• [Study material]:
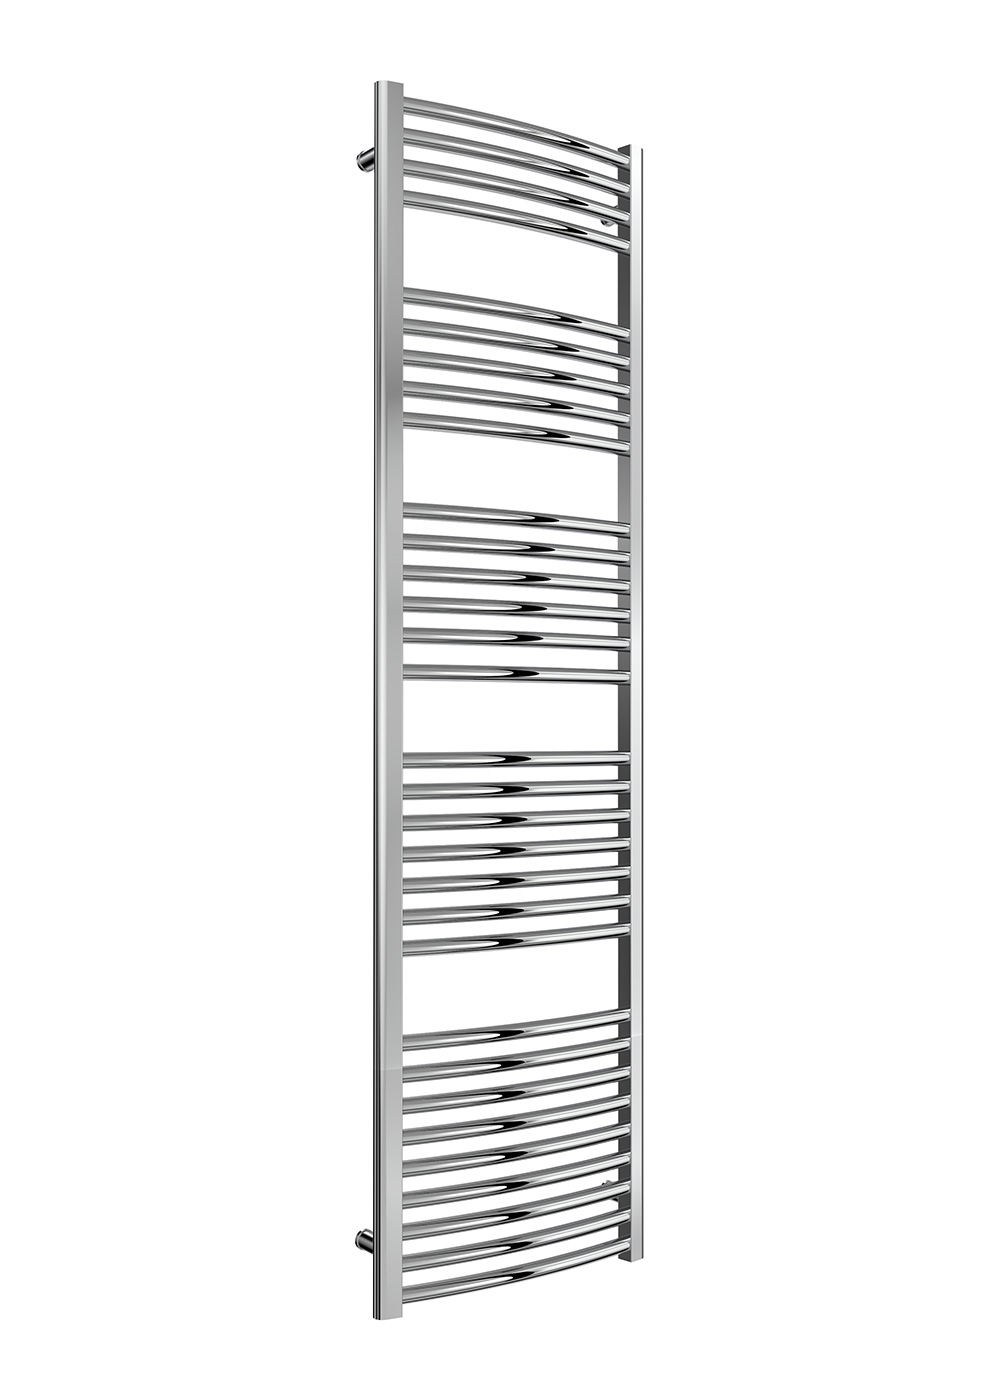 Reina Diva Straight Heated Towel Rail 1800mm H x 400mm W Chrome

...

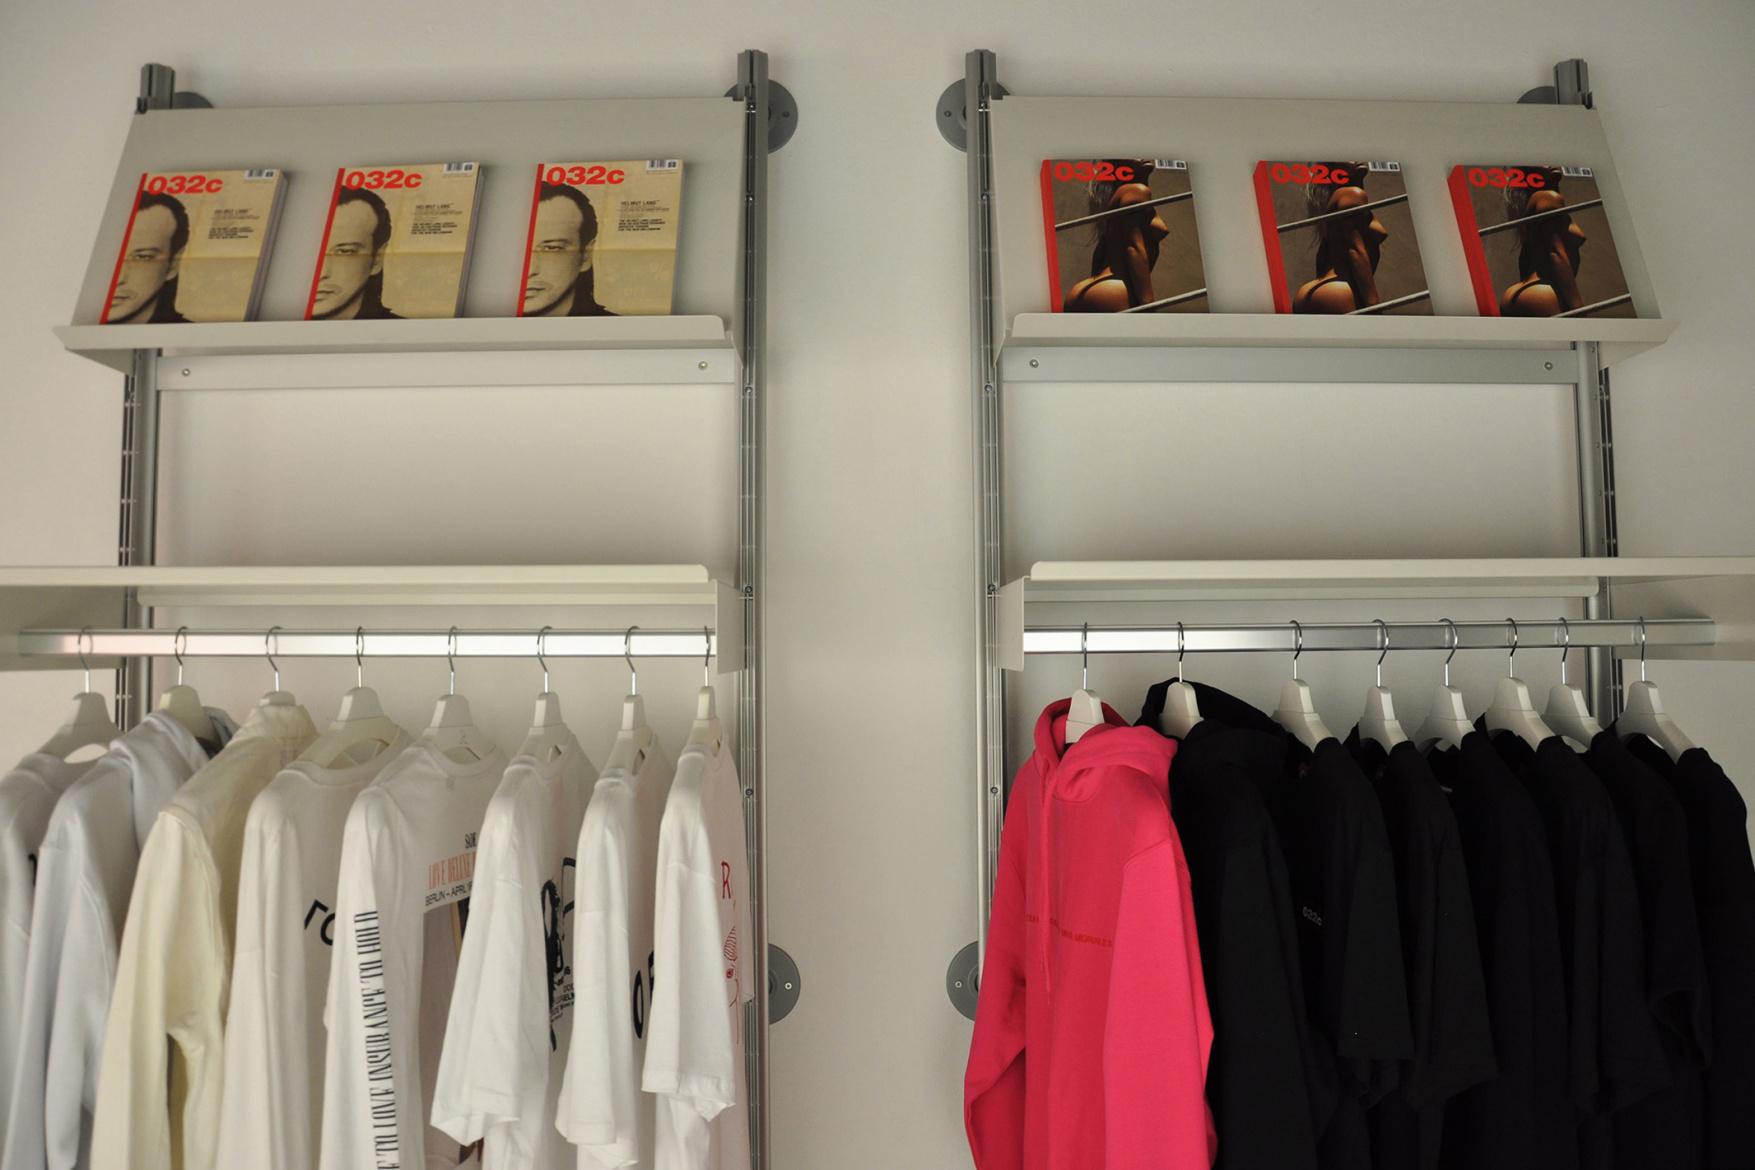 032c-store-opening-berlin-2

==

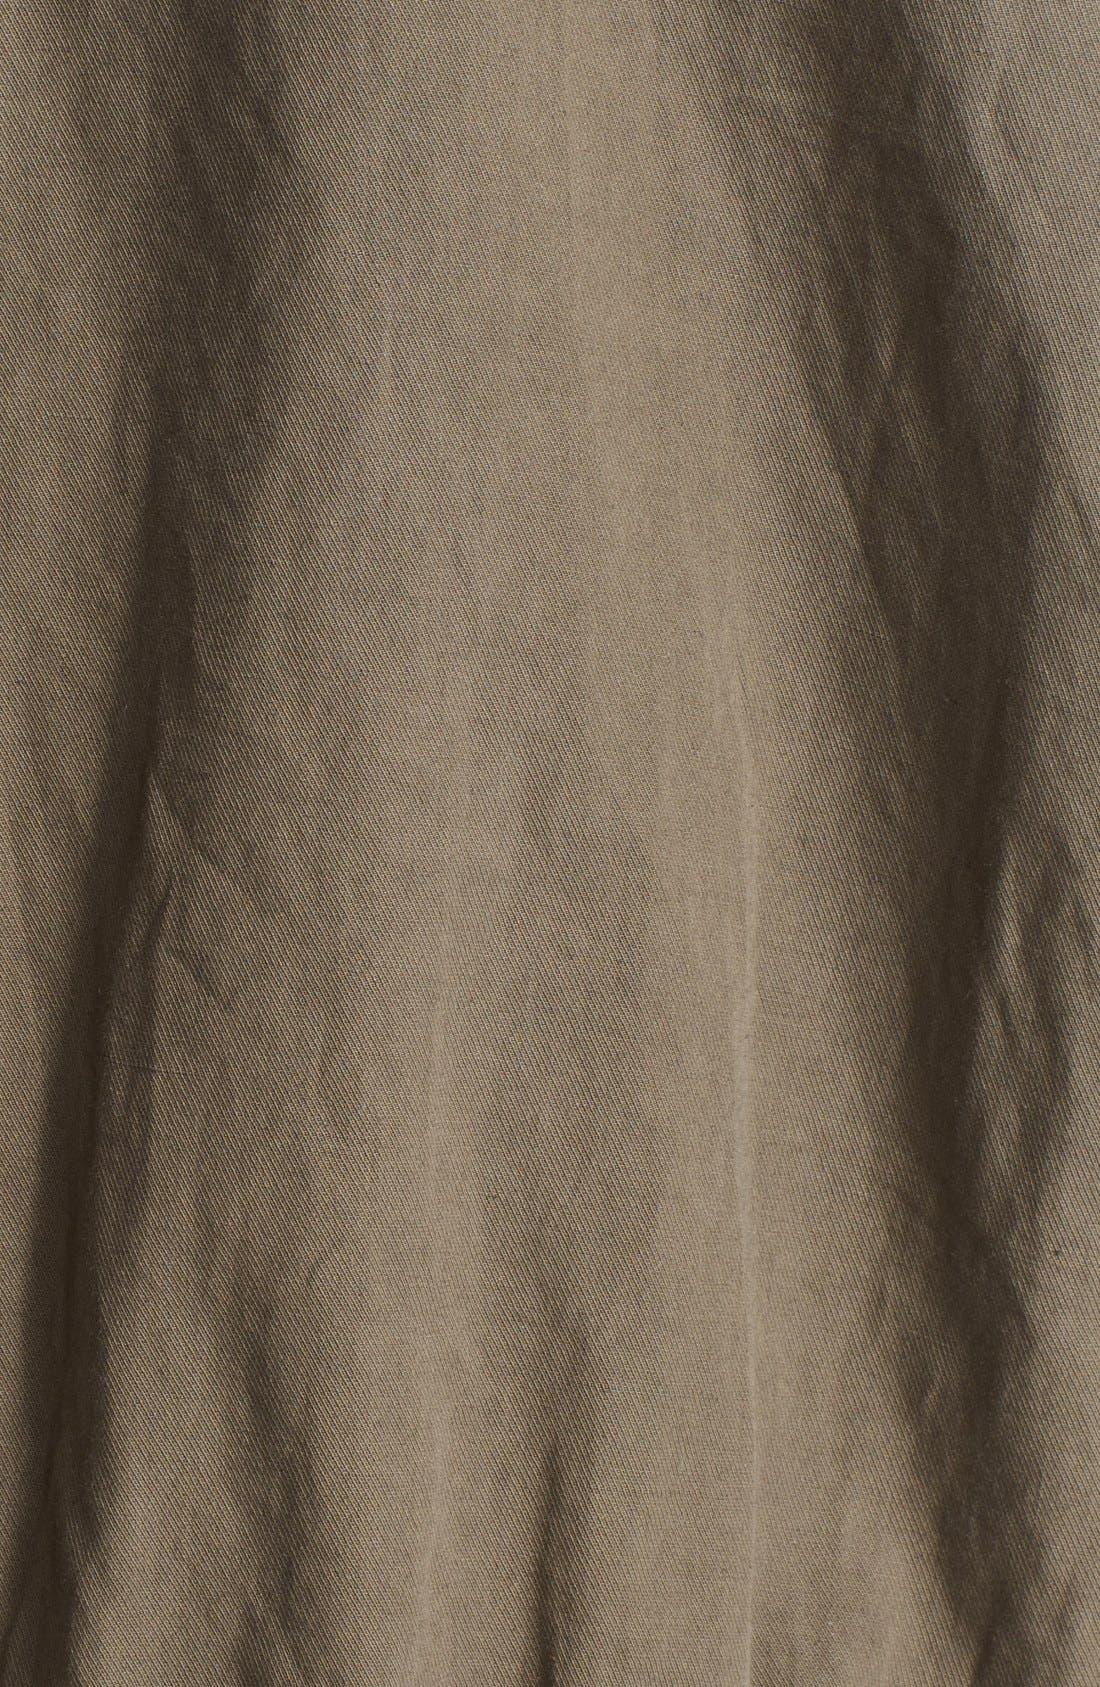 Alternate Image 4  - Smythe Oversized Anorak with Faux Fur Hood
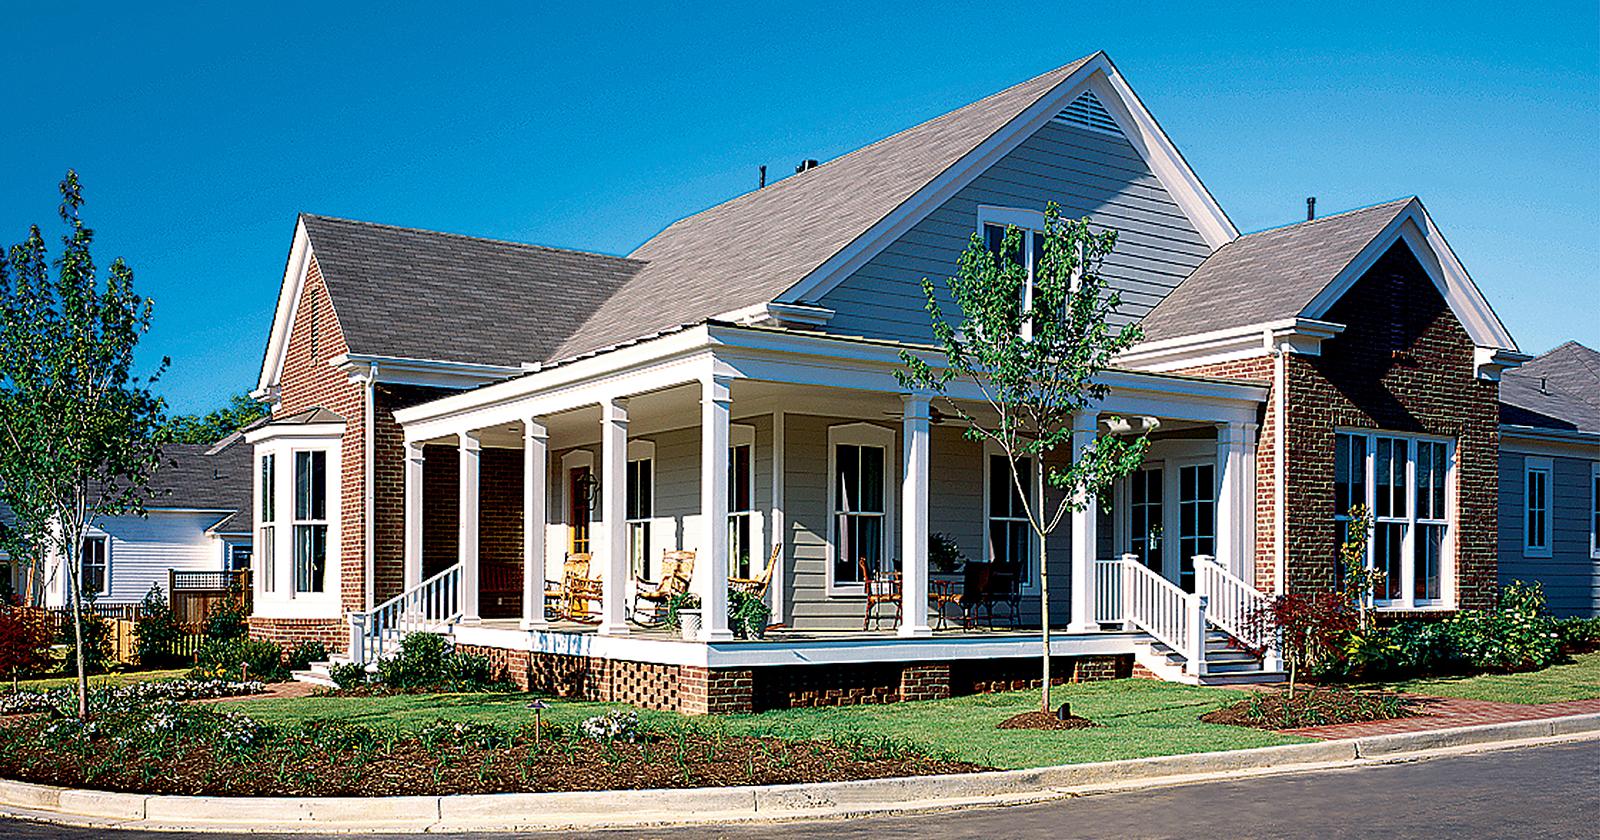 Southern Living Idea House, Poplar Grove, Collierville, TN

• [Work required]: In the records above, everything from the line with "Alternate Image 4" down to the line with "Southern Living Idea" must be duplicated exactly, both lines kept. Leave no pictures in.

• [Response]:
 Alternate Image 4  - Smythe Oversized Anorak with Faux Fur Hood
 Southern Living Idea House, Poplar Grove, Collierville, TN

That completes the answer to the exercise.